These pages should be merged such that both pages do not attempt to cover the duplicate topics.

The standard RepRap polymer extruder works very reliably, is simple, and can be made almost all out of RP parts. But it needs a supply of 3mm diameter polymer filament. This is not hard to obtain (many companies can make it from polymer granules), but it does represent an extra cost and an extra process.

Timothy Nixon and Adrian Tan of the School of Mechanical Engineering, University of Adelaide, in Australia have designed an extruder for [email protected] that uses polymer granules directly, and such granules are the standard and cheapest way that all thermoplastic polymers are supplied. I was so impressed that I decided to pinch some of their ideas (that's what open-source is all about :-) ) and add it to something Forrest and I tried almost two years ago (see the RepRap blog for Friday, February 17, 2006 and the subsequent fortnight).

We hope that an extruder that can handle a "virgin" nurdle (a plastic pellet) can also handle recycled plastic shreds or dust from a plastic recycler.

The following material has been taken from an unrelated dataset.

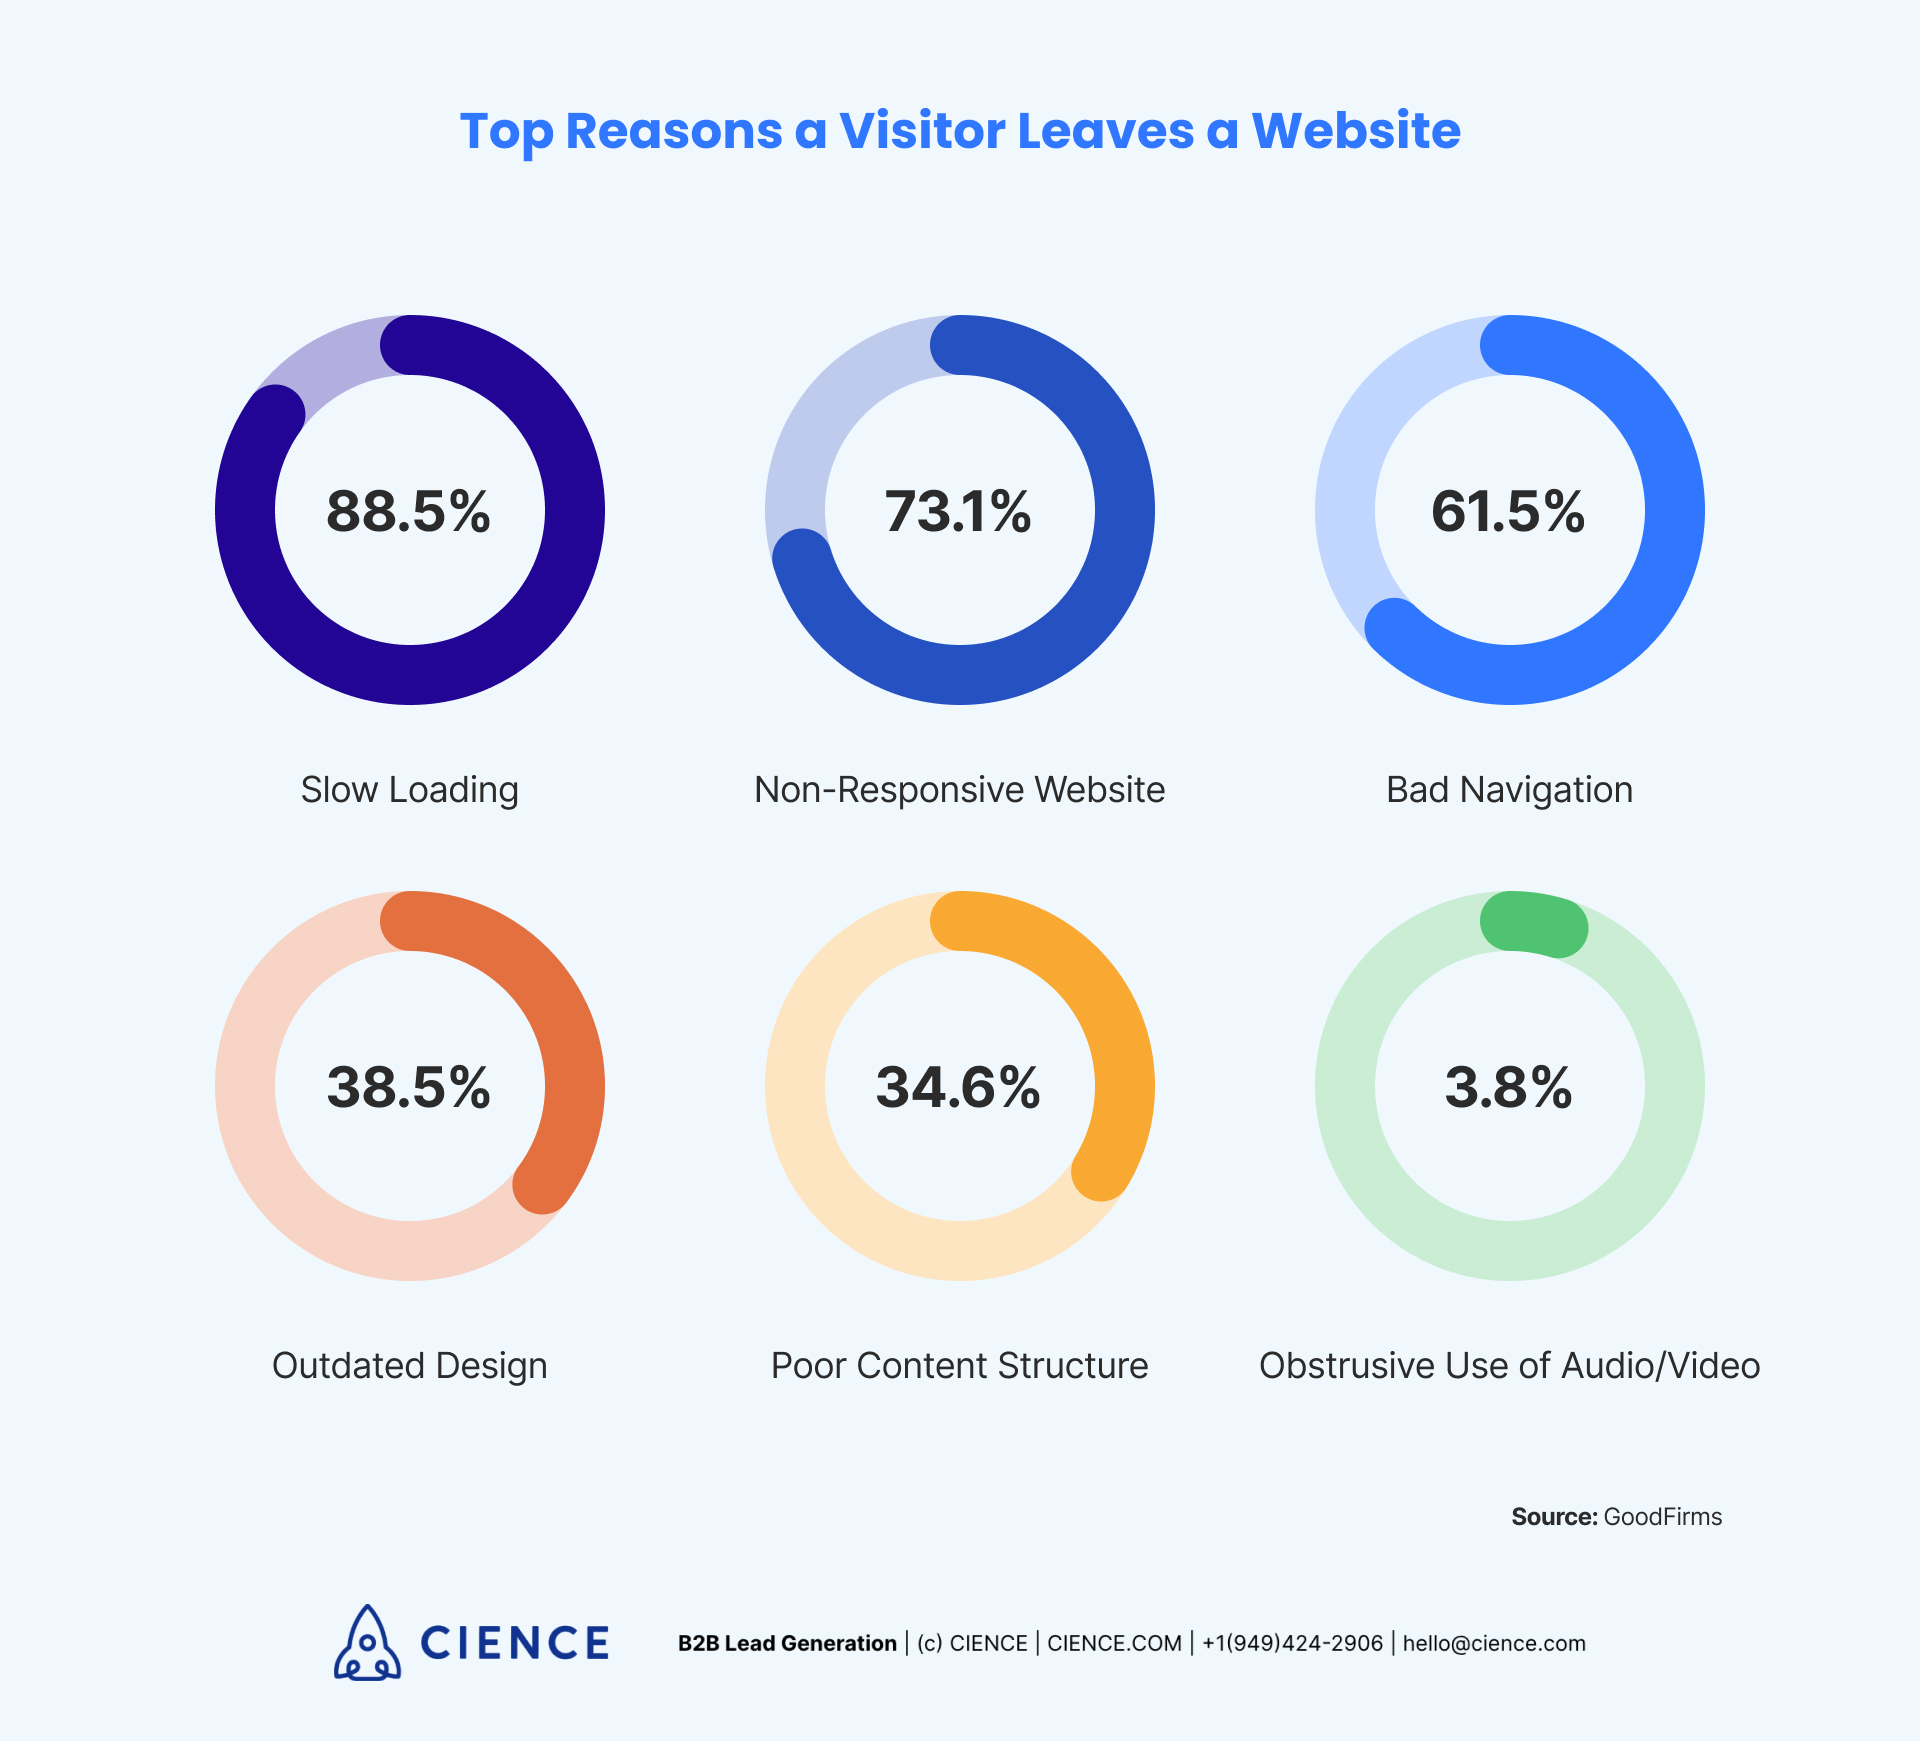 Top Reasons Why a Visitor Leaves a Website

For further information, see this paper by TU Delft Uni on their working screw-driven granule extruder.

Design and construction


The device consists of a 30 mm length of ordinary 15 mm diameter copper plumbing pipe with a screw auger running down the middle. The screw is made from a 6 mm diameter brass rod. I twisted five 1.2mm diameter copper mains wires together to make a fatter copper wire, twisted that round the brass to form a helix, and soldered it all together. This was much easier than turning the helix in a lathe, and also allowed a variable pitch (closer windings at the bottom) to be made easily. Another way to make auger screw


I deliberately made the screw slightly oversized (the i.d. of the copper pipe was 13.5 mm and I made the screw about 14.5, though it wasn't very smooth). Then I turned it between centres just to skim the outside of the helix down to about 13 mm.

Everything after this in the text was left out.